__Available data__.
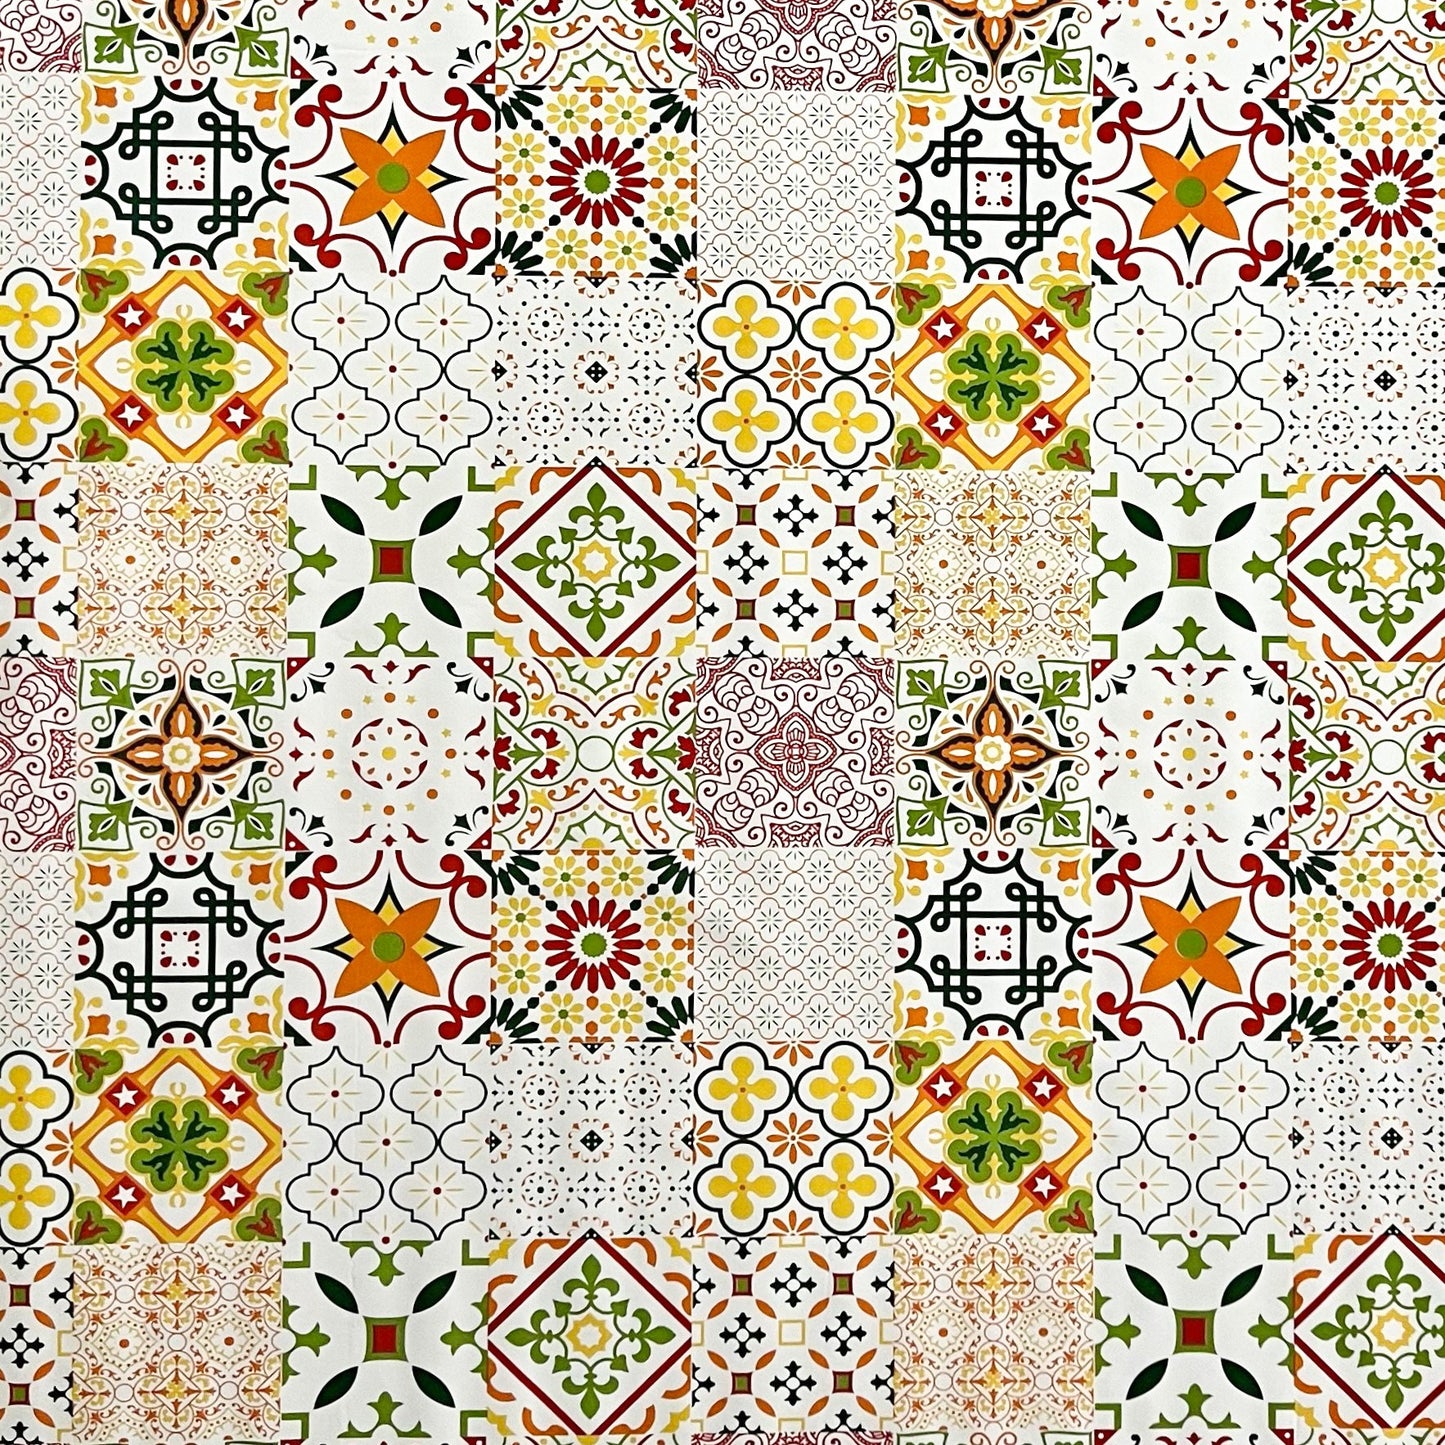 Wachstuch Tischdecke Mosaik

==

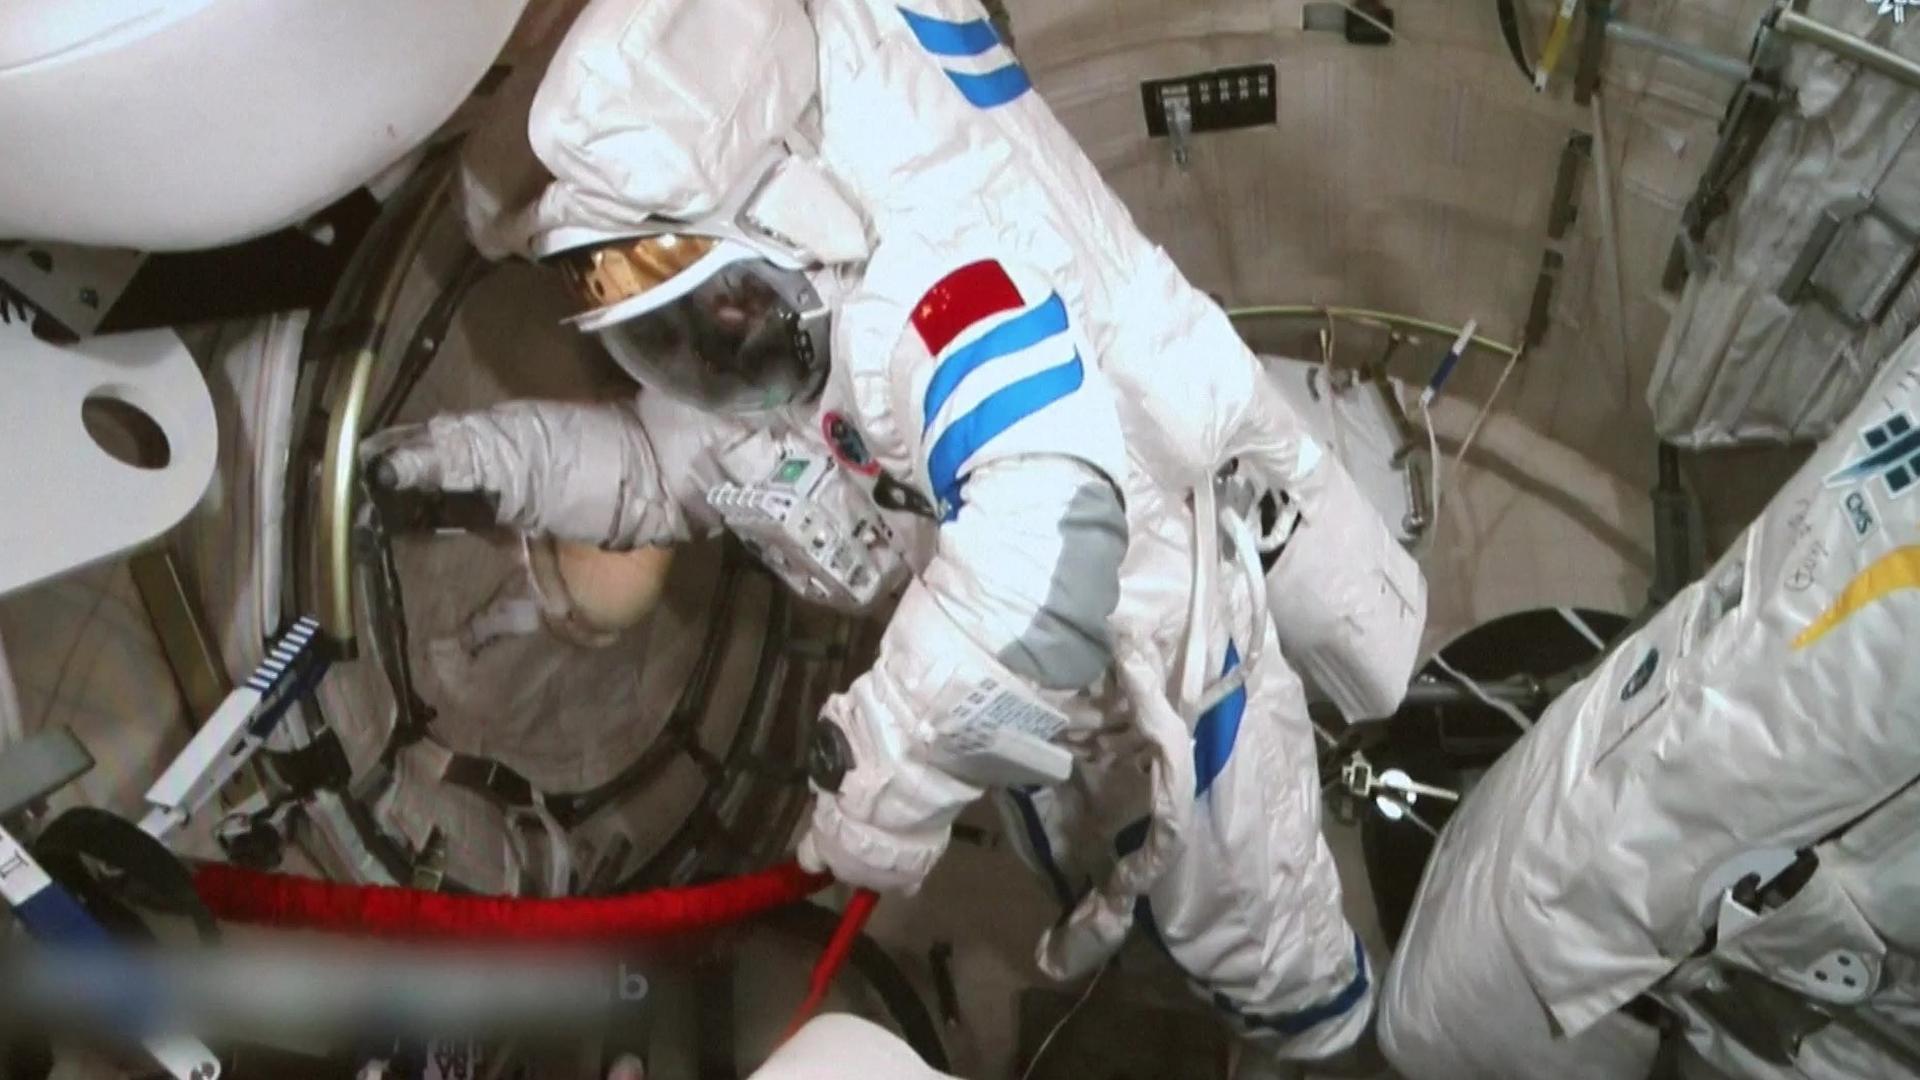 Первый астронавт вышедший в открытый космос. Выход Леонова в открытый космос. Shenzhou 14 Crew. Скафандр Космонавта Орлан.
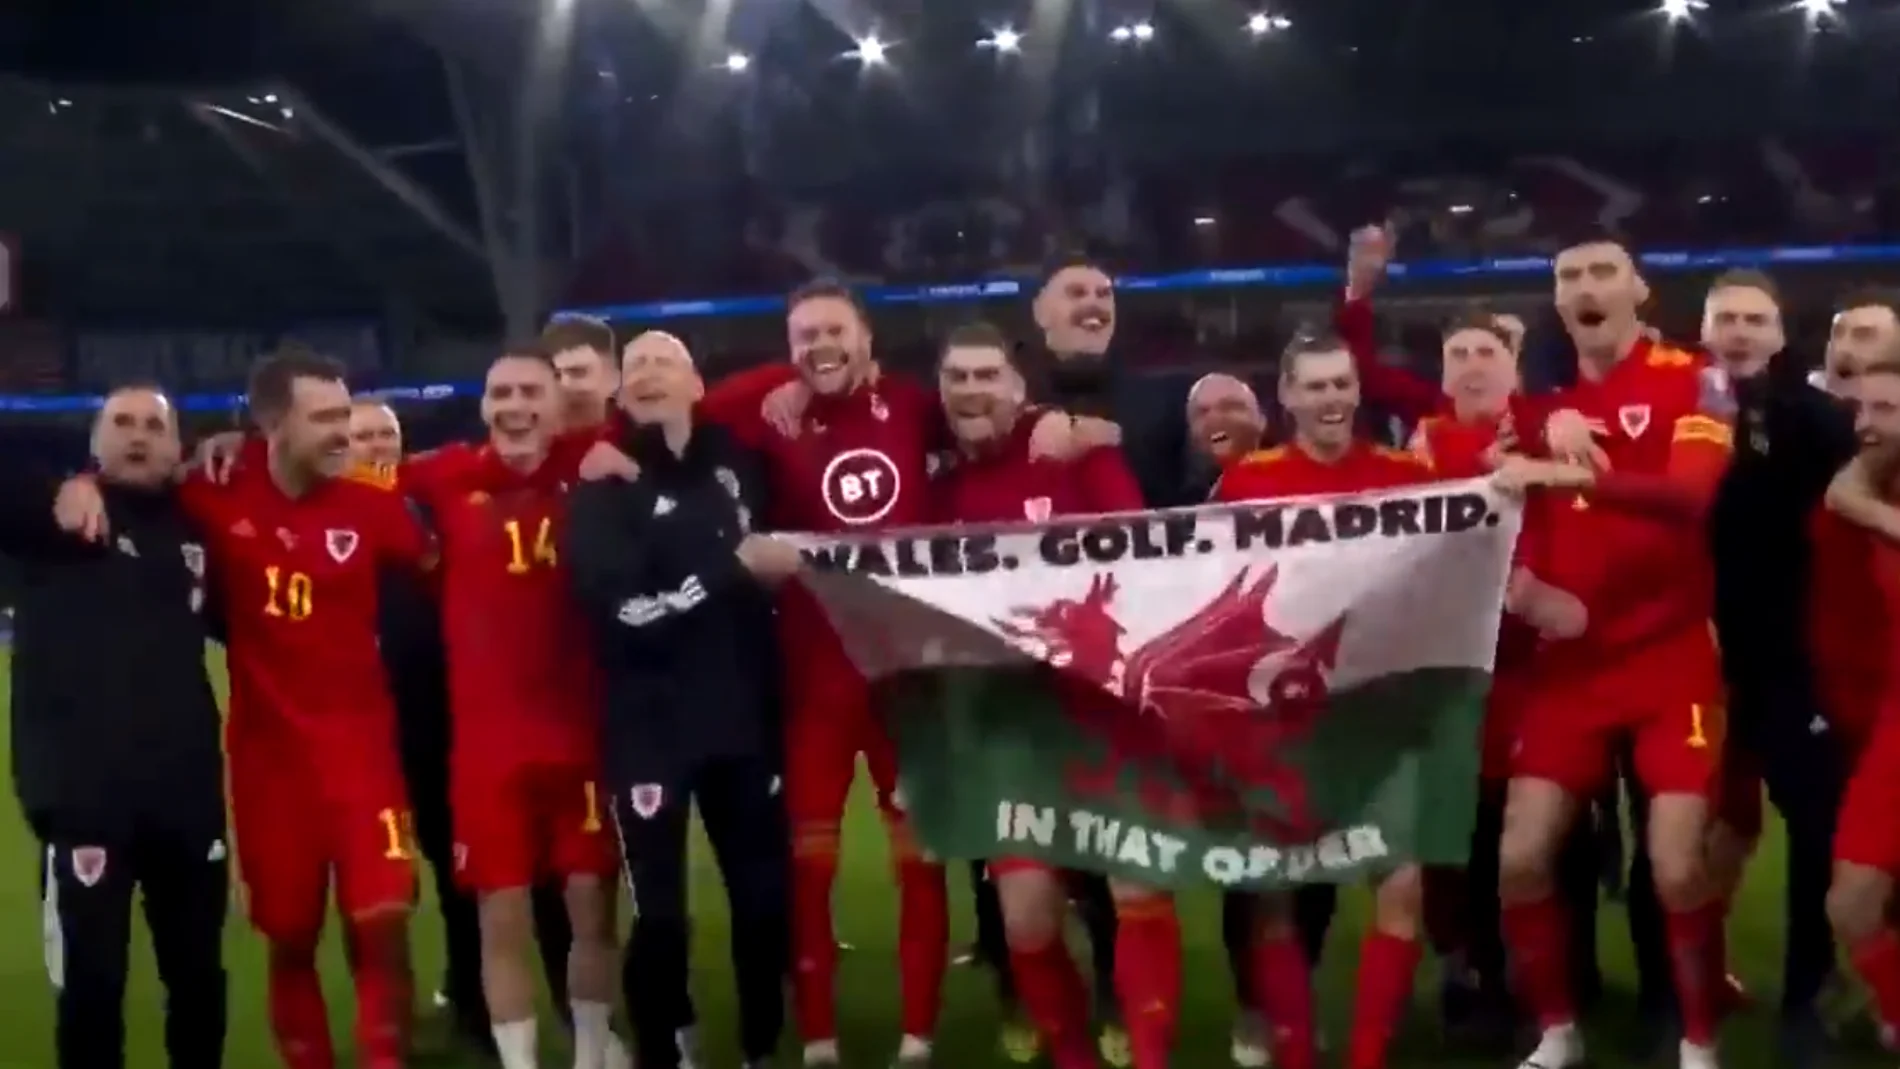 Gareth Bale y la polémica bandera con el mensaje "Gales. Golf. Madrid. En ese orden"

__Assigned task__. A verbatim reproduction is expected: starting at the line above that has "Первый астронавт вышедший", ending at the line that has "Gareth Bale y", both included, and with no pictures and no other lines.

__Exercise answer__.
 Первый астронавт вышедший в открытый космос. Выход Леонова в открытый космос. Shenzhou 14 Crew. Скафандр Космонавта Орлан.
 Gareth Bale y la polémica bandera con el mensaje "Gales. Golf. Madrid. En ese orden"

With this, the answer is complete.